0:008> dq 00000000`0676faf0 00000000`0676faf0 01d1e926`00000000 00000000`00000000 00000000`0676fb00 00000000`00000030 000007fe`e46542f0 00000000`0676fb10 00000000`00000050 00000000`00000000 00000000`0676fb20 00000000`00000000 00000000`00236d12 00000000`0676fb30 000007fe`e46542f0 00000000`00000030 0:008> du (poi(00000000`0676faf0+38h)) 000007fe`e46542f0 "Microsoft Word 0:008> du (poi(00000000`0676faf0+40h)) 00000000`00236d12 "Word could not create the work file. Check the temp environment variable."

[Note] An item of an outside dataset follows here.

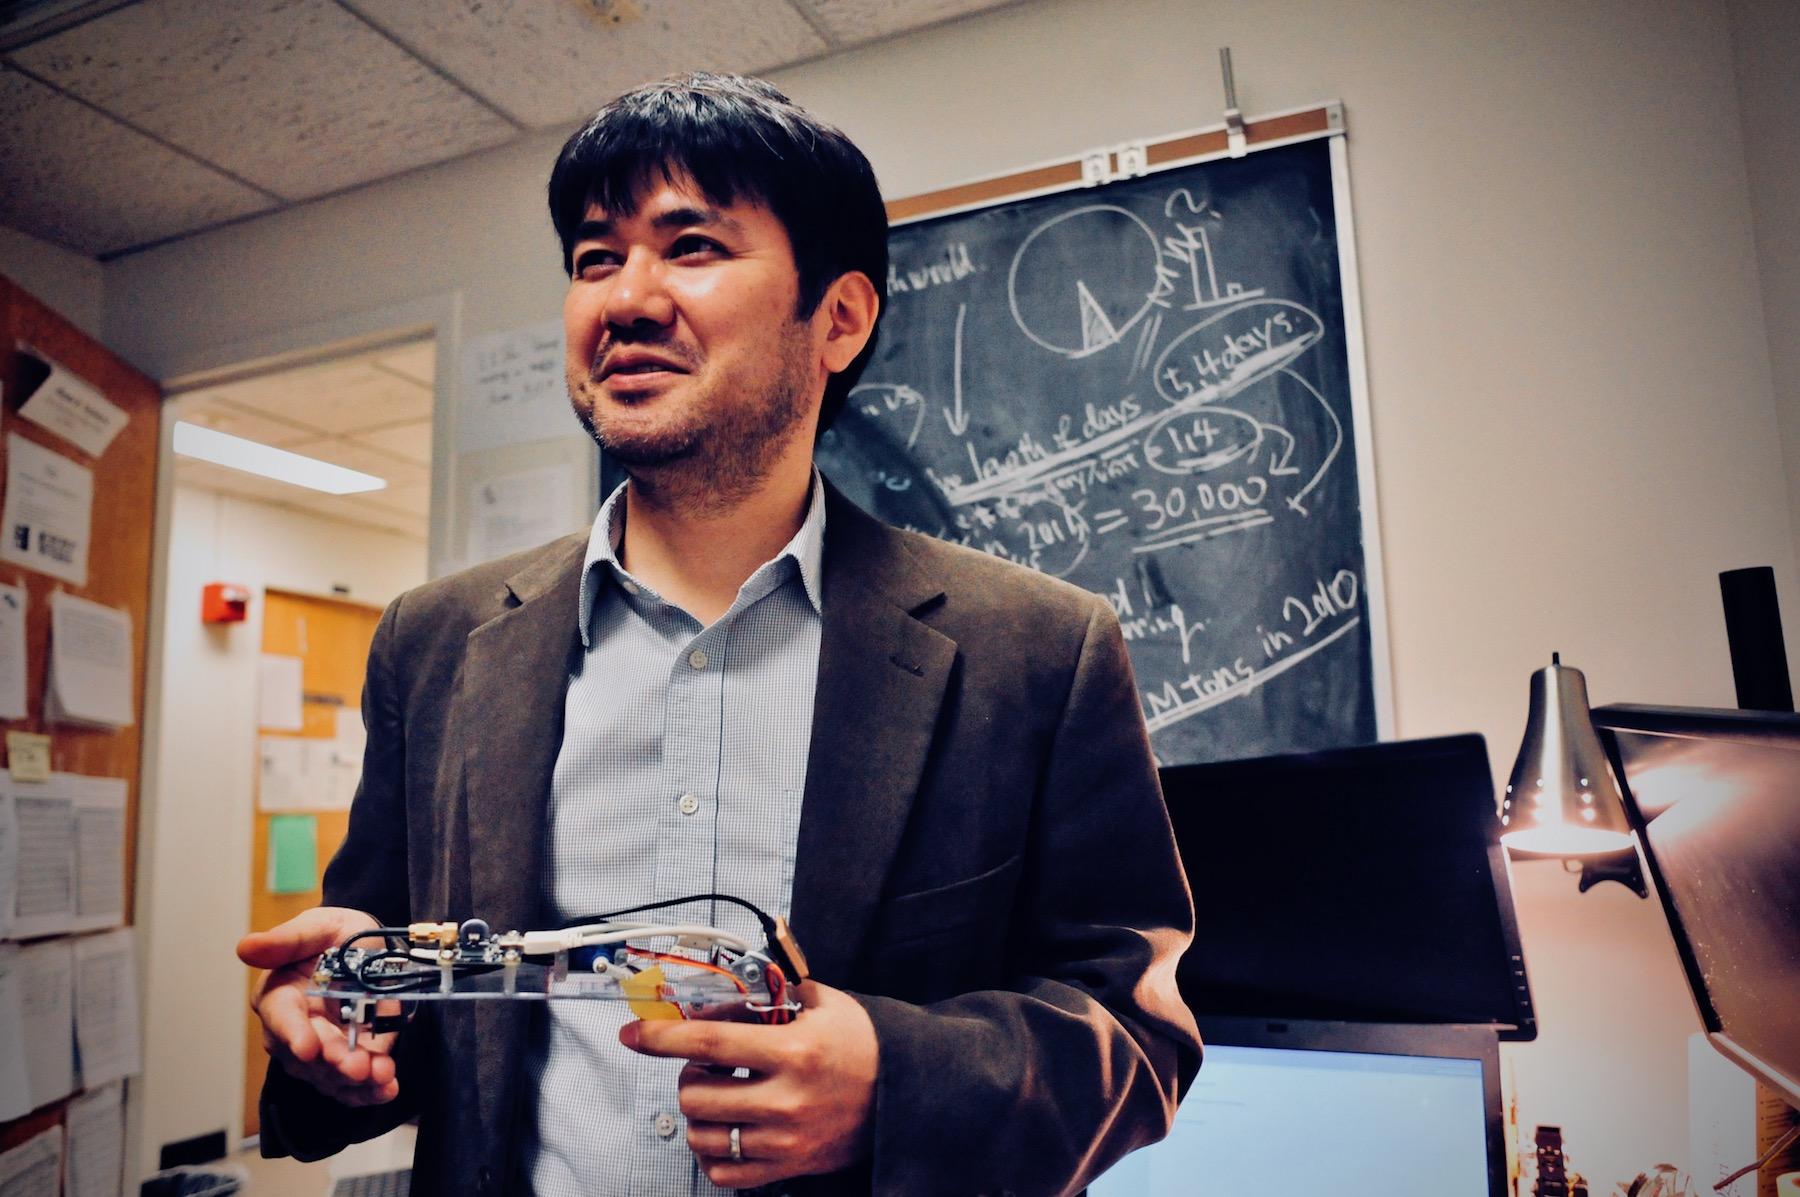 中村正人助教授。専門は地球環境工学。エネルギーの再利用や公害対策を研究する分野だ。スマートガン研究も、弾丸が発射される際の余分なエネルギーを、付随する電子機器の動力源として転用できないかという発想からスタートしたのだという。

We can confirm that these actually are the strings shown in the message box by messing up permissions to Word’s temp folder and trying to create a new document via the GUI. The path to the temp folder does not appear anywhere in the GUI, but it is Googleable given the messages from the message box, so if we did not stumble onto it accidentally, we probably would have still been able to fix the issue.
Conclusion
We need to work on making our service more resilient to failures of individual machines or components
I learned something new: Using WinDbg and reading ASM code is actually not as scary as I thought. WinDbg is a useful tool. Debugging optimised x64 code without symbols is… possible, but requires luck.
Thanks to gusev_p for telling of his experience dealing with different calling conventions and shparun for suggesting WinDbg as a tool.